Exercise requirements:
Exactly the lines below starting at the line with "step 3 In a" and ending at the line with "David Beckham's alleged" are wanted, with both ends included. Leave out the pictures and add no other lines.

Information shown:

=== Begin Enclosure ===

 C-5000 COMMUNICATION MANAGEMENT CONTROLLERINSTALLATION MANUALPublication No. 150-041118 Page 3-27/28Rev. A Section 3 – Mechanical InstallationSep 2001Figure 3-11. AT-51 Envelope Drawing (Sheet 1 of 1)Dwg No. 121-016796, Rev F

=== End Enclosure ===
=== Begin Enclosure ===

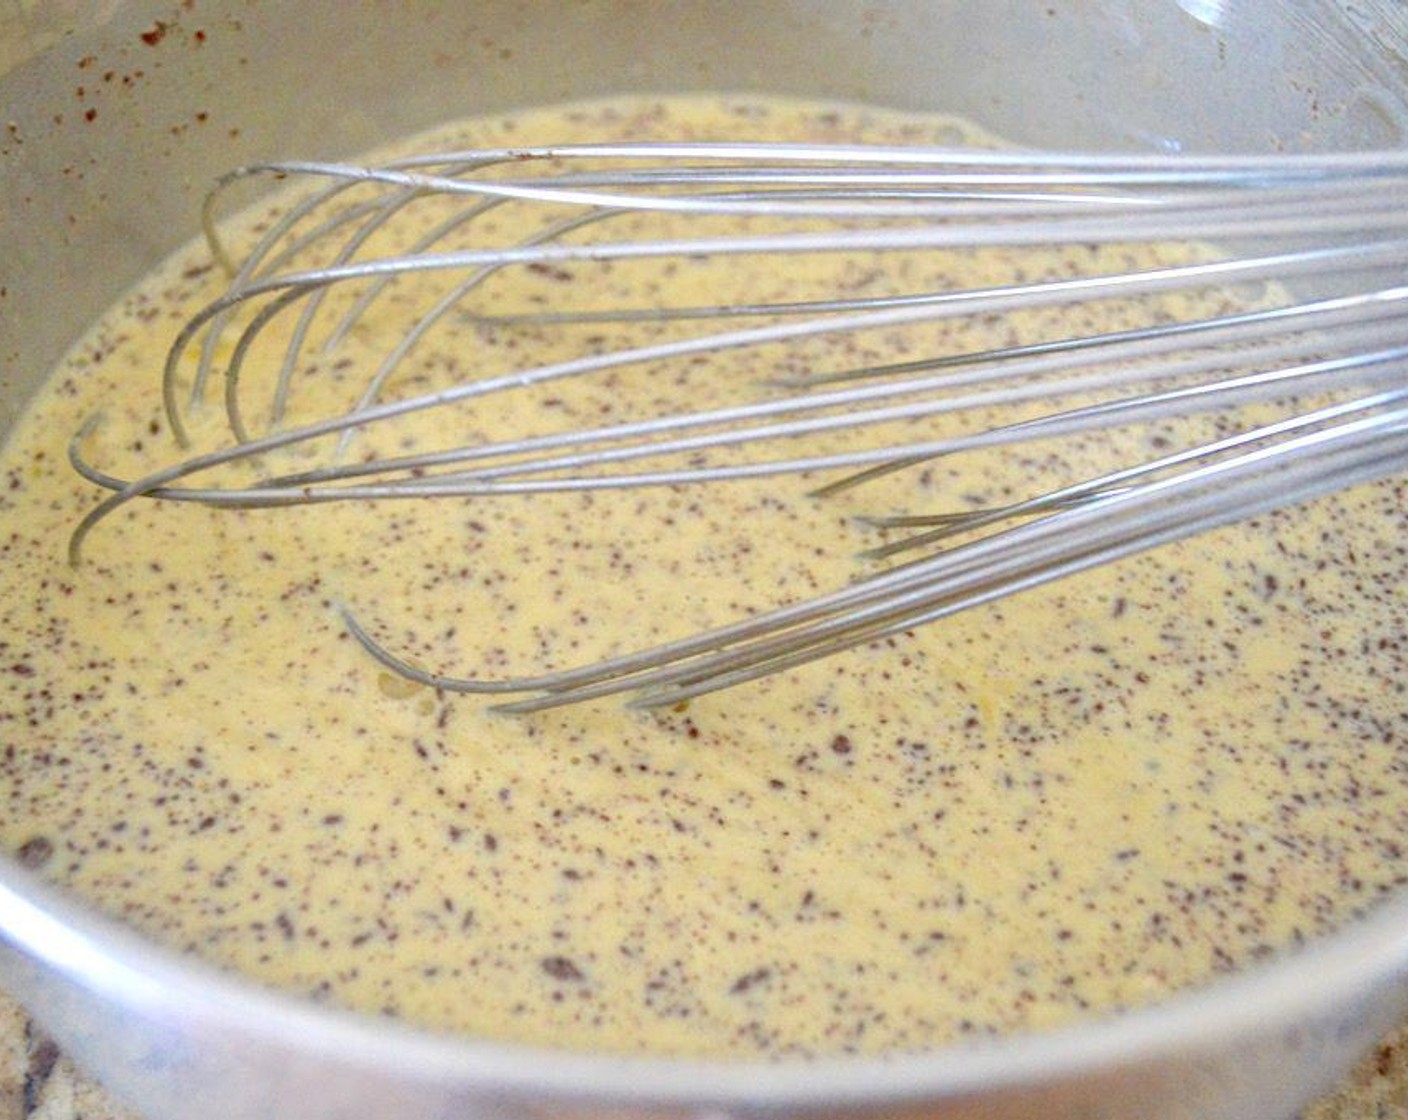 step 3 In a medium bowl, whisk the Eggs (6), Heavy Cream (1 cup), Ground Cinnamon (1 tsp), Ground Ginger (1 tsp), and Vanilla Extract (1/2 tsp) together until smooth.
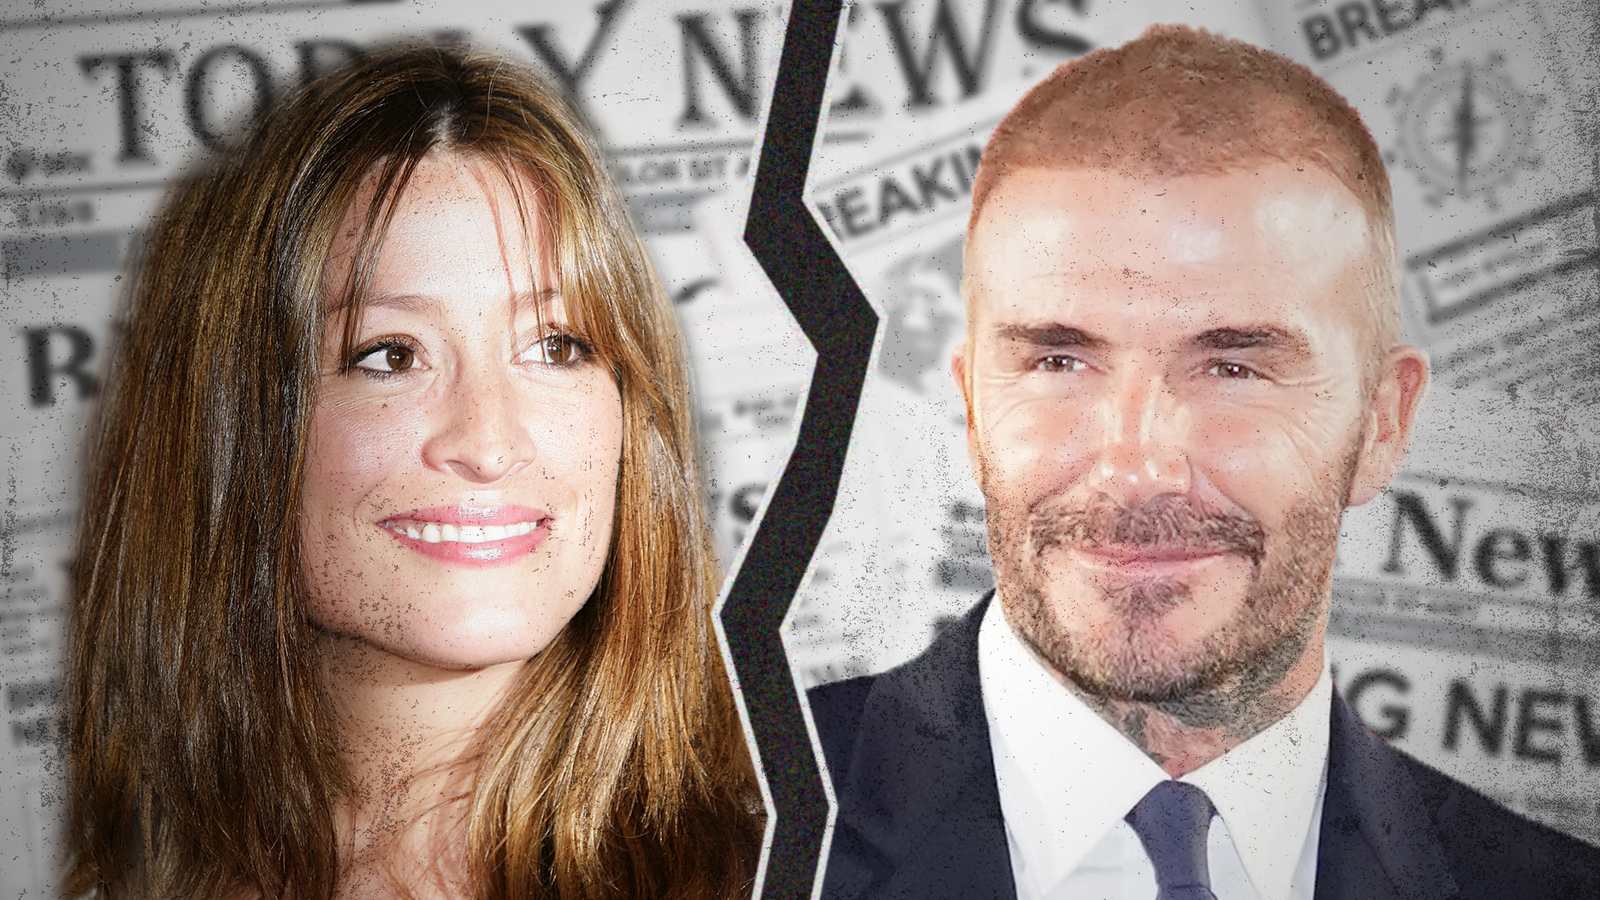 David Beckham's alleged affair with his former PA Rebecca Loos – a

=== End Enclosure ===

Worked solution:
 step 3 In a medium bowl, whisk the Eggs (6), Heavy Cream (1 cup), Ground Cinnamon (1 tsp), Ground Ginger (1 tsp), and Vanilla Extract (1/2 tsp) together until smooth.
 David Beckham's alleged affair with his former PA Rebecca Loos – a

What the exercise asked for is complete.